Chris Doss chrisd at russiajournal.com
Sat Feb 9 00:57:03 PST 2002


Nah... the armed forces paper is Kraznaya Zvezda (Red Star).

I founf this piece interesting because it's by Mikhail Delyagin, who is a lefty economist. He's pushing for Keynesianiam here more than anything else (something that in my opinion Russia could certainly benefit from). Putin's consistent liberalism is better than Yeltsin's inconsistent liberalism/communist fusion and rampant looting under the auspices of the state, but it's never going to get better than functioning liberalism. (I hope I expressed that clearly, I'm tired.)

I do see a possible arms race in the future, assuming the Russian economy continues to boom and the bureaucracy -- which is 60 percent larger today than it was in the USSR -- gets trimmed down, so the money goes where ir's supposed to and not into bureaucrats pockets (hey, paying bureaucrats enough to live on might go a long way in this direction). The Russian government doesn't know whether to laugh out loud or cry, maybe both, about Bush's suggestion that the US not scrap its nukes, just put them in storage. Most Russians think this means that, since Russia is the only country that many nukes could possibly be used against, the US still thinks Russia is the enemy.

Maybe it's time to carry out Purin's threat to recommission those Topol-M ICBMs and slap multiple nukes on 'em!

Chris Doss The Russia Journal ------------------

Date: Sat, 9 Feb 2002 00:59:16 +0200 From: "Hakki Alacakaptan" <nucleus at superonline.com> Subject: RE: Russian take on Bush's State of the Union blather

|| -----Original Message-----

|| From: Chris Doss

||

|| Delyagin: State Of Union Speech Contains Much That Is 'Instructive' for

|| Russia

||

|| Rossiyskaya Gazeta

This is the armed forces paper, right? So I take it this represents the opinion of the top brass? - ------------------------------

|| (...) By attracting capital

|| for accelerated development as a result of the "export of instability,"

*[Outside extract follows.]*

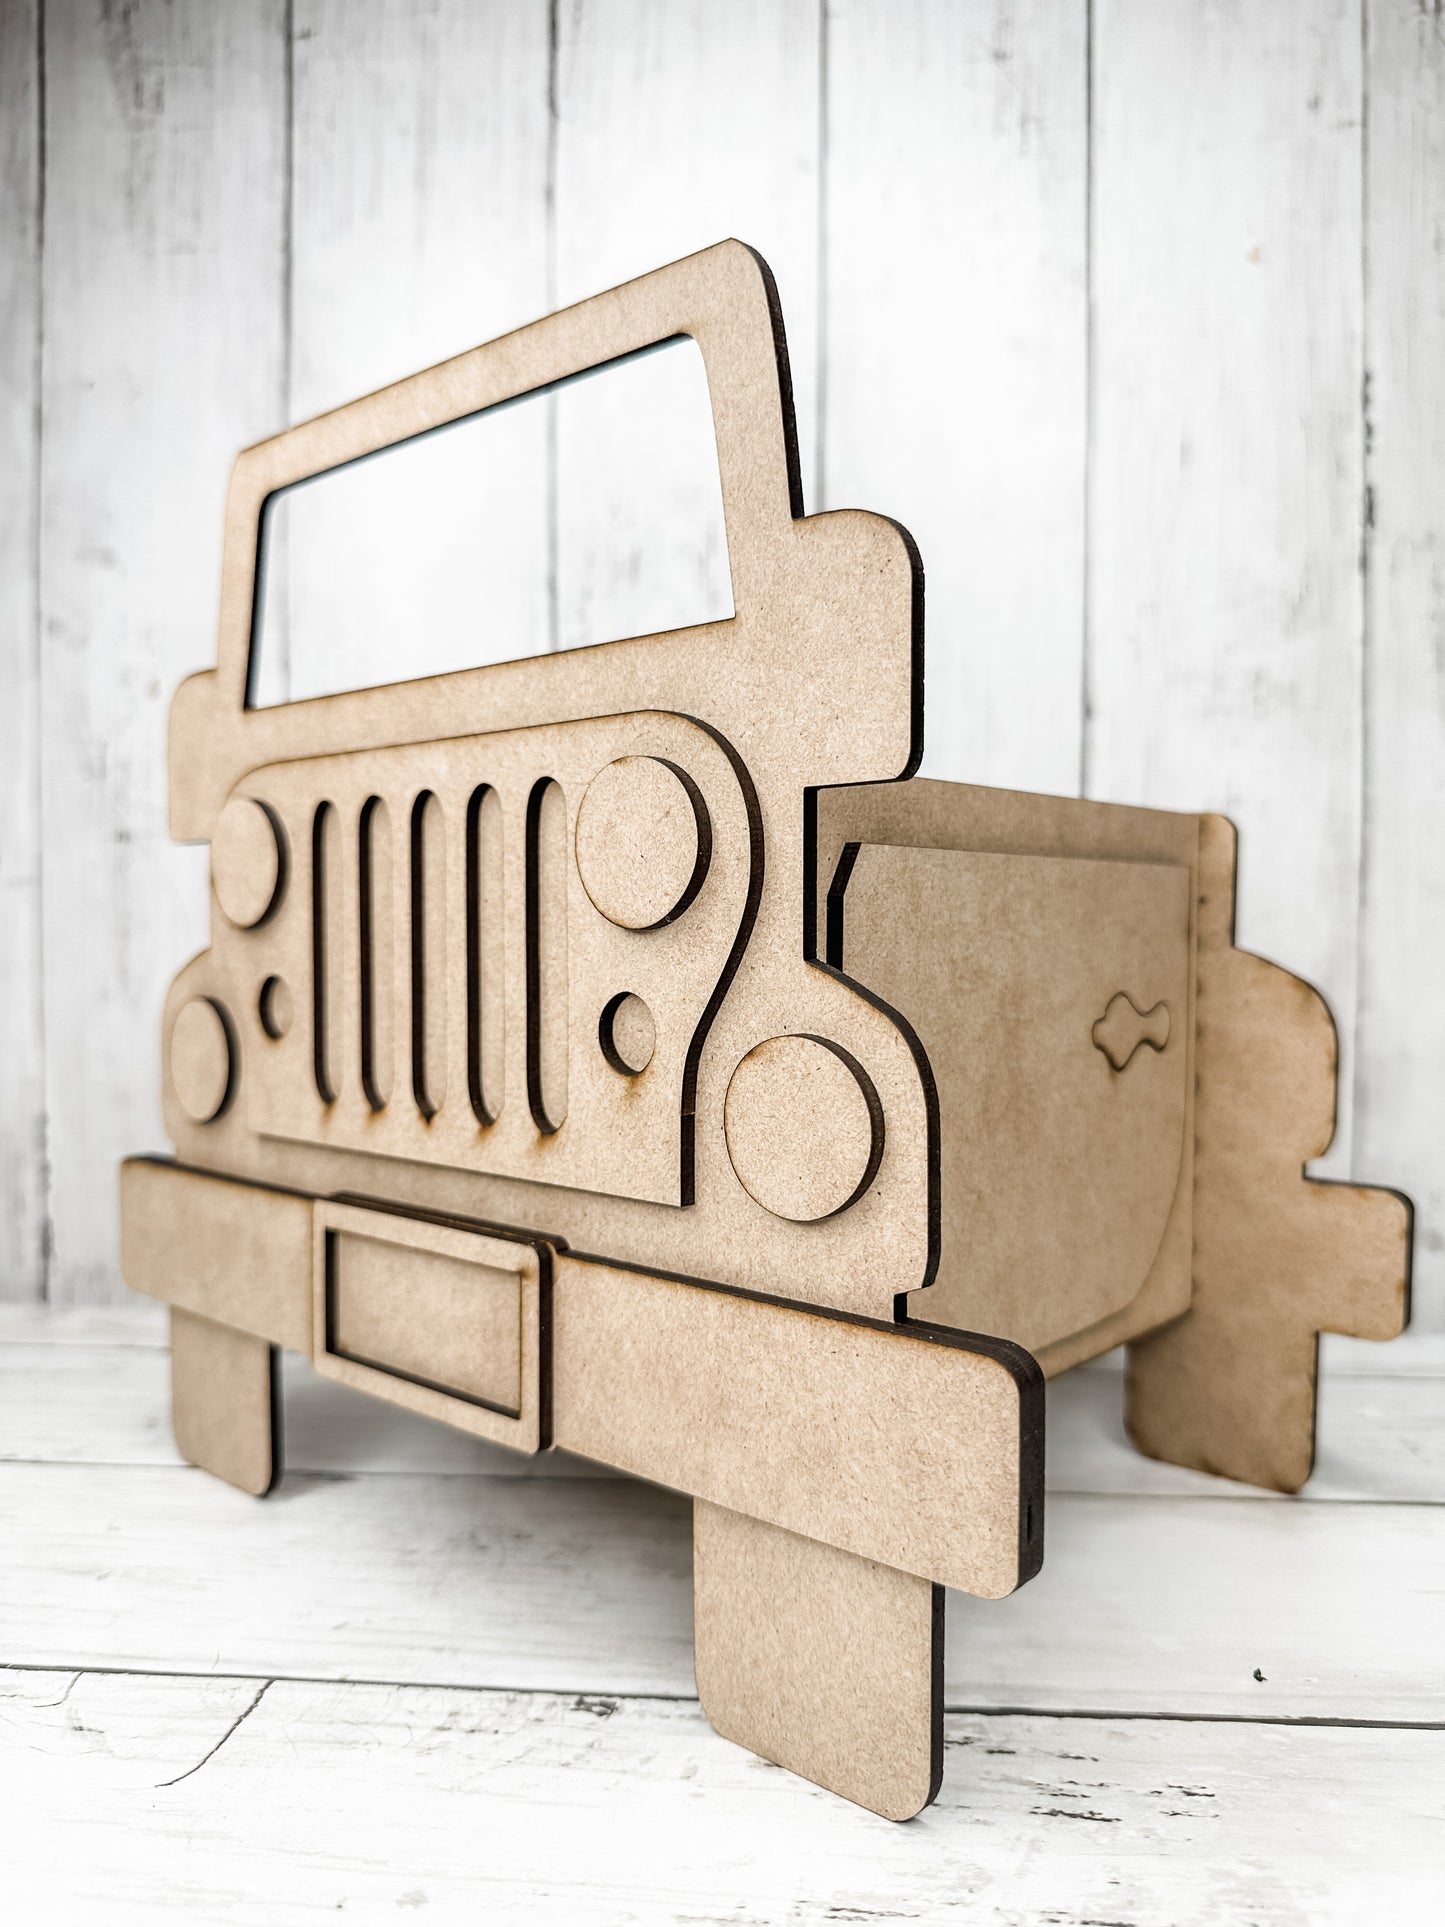 Jeep Planter Box DIY Kit
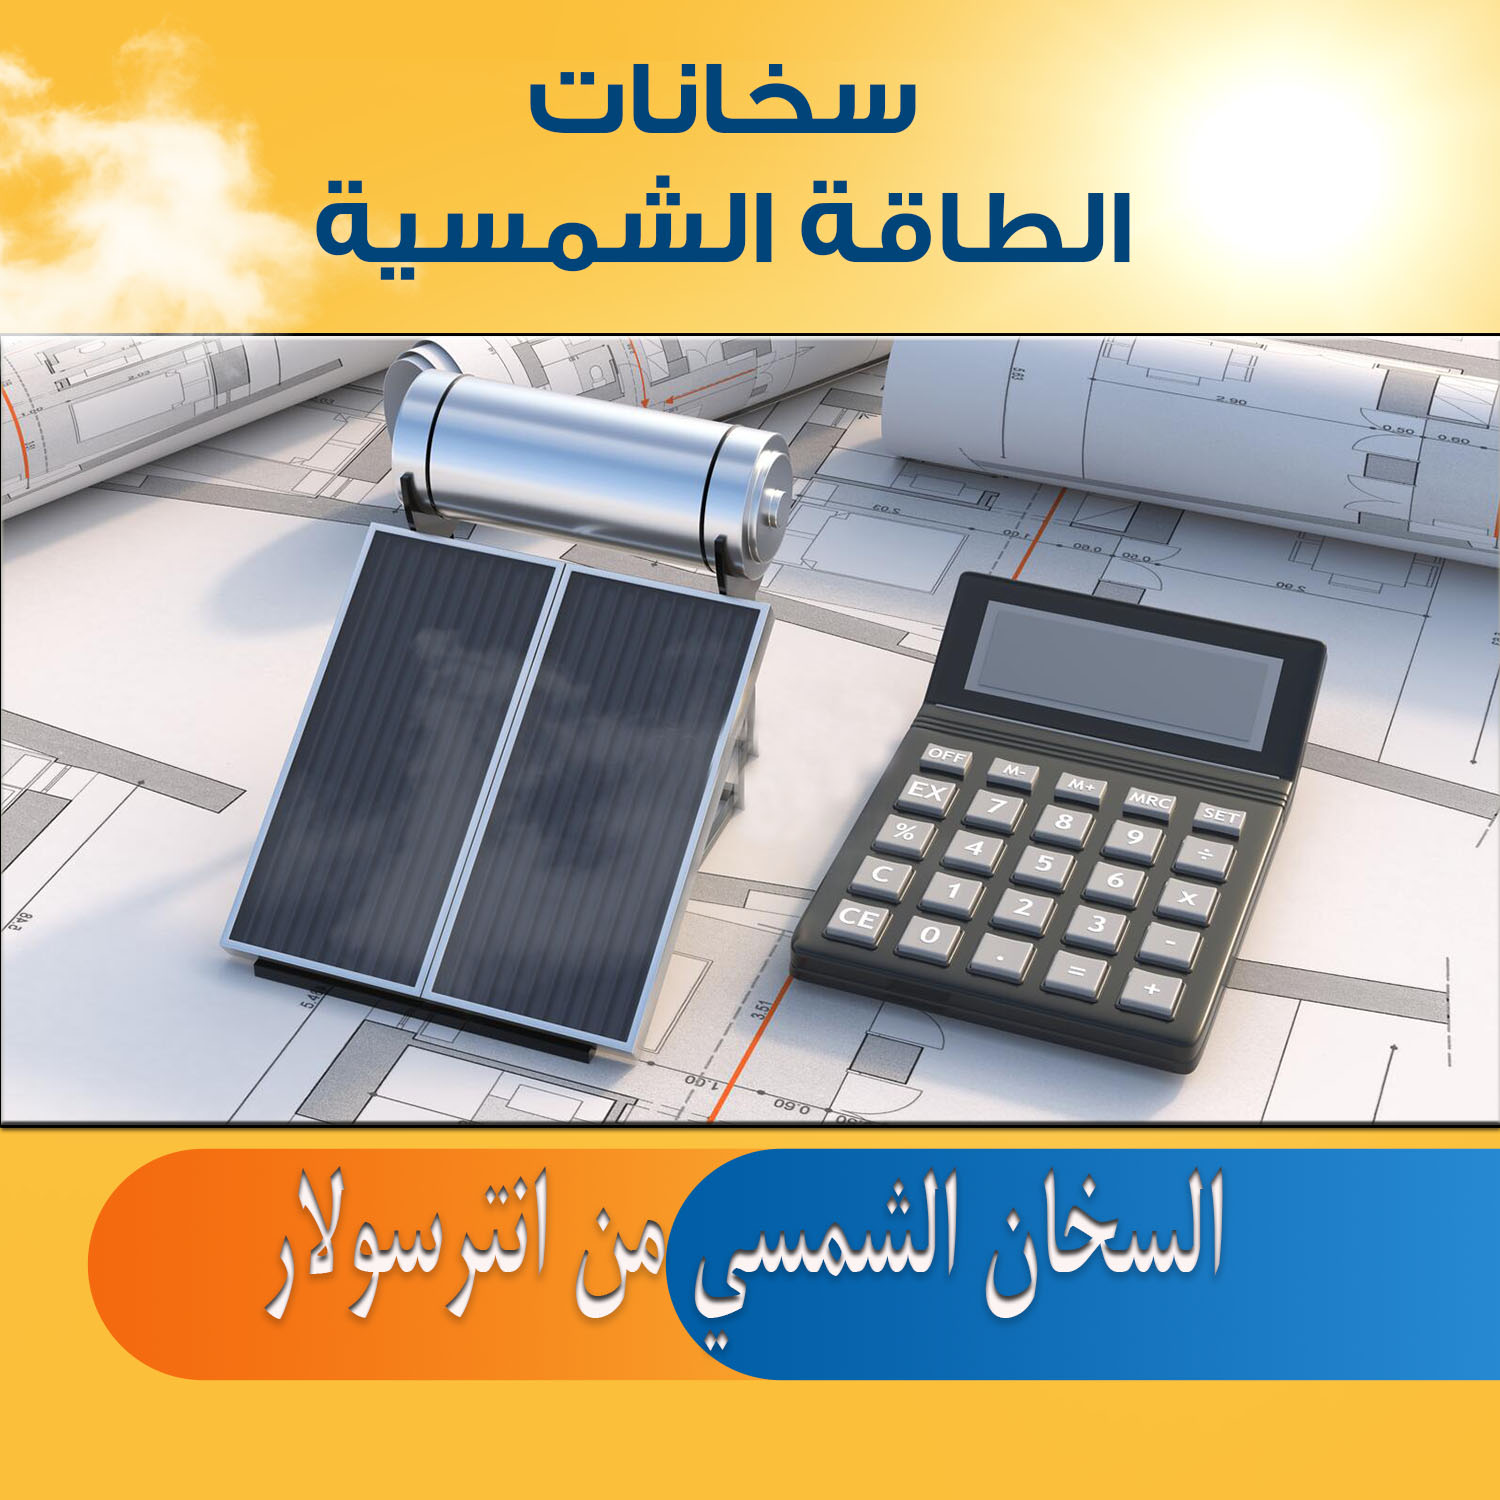 السخانات الشمسية واعتمادها في مصر من أكبر المكاتب الاستشارية

|| the United States is not simply isolating itself from this

|| instability by

|| means of the [National] Missile Defense system but is beginning to

|| destroy everything that, in its opinion, does not correspond to its

|| interests, without bothering about the consequences of its actions for

|| other countries and peoples.

|| This is precisely why George Bush's message is aggressive in an

|| unprecedented way. No compromise -- only the designation of

|| countries as

|| "bad." No negotiations -- only war. No looking for and eradicating

|| motives -- only combating the consequences, terror. "Who is

|| not with us is a terrorist."

|| Combating terror is becoming the same instrument for ensuring U.S.

|| supremacy as combating Communism was before.

|| It is comforting that the United States understands force. - ------------------------------ That sounds to me like Stalinism minus the M-L window dressing. No wasting time over socialist rhetoric or bourgie values like democracy, civil rights, justice, legality, etc.; just the naked material facts, IOW the relations of forces. US agression isn't condemned, it's just seen as one possible course of action, one which the US opted for, and which Russia should study the outcome of. - ------------------------------ (...)

|| Russia has to learn to live in this reality -- to gradually become

|| stronger without losing its independence (1998 showed that the

|| other way leads to catastrophe) and without attracting attention until we

|| become sufficiently strong. (...) - ------------------------------ Great, there goes any hope for future SALT treaties. I guess this means when the Russian economy gets into high gear, it's the arms race all over again, with China joining in the fun as well. - ------------------------------ (...)

|| Bush is showing an awareness of the key role played by active state

|| regulation in improving even such a developed economy as that of the

|| United States. We have to learn from the United States (...) - ------------------------------ So Shrubya has not only succeeded in confirming the Russian's worst suspicions about US imperial designs, he's also proved, with his pork-barrel Keynesianism, that state control of the economy is essential.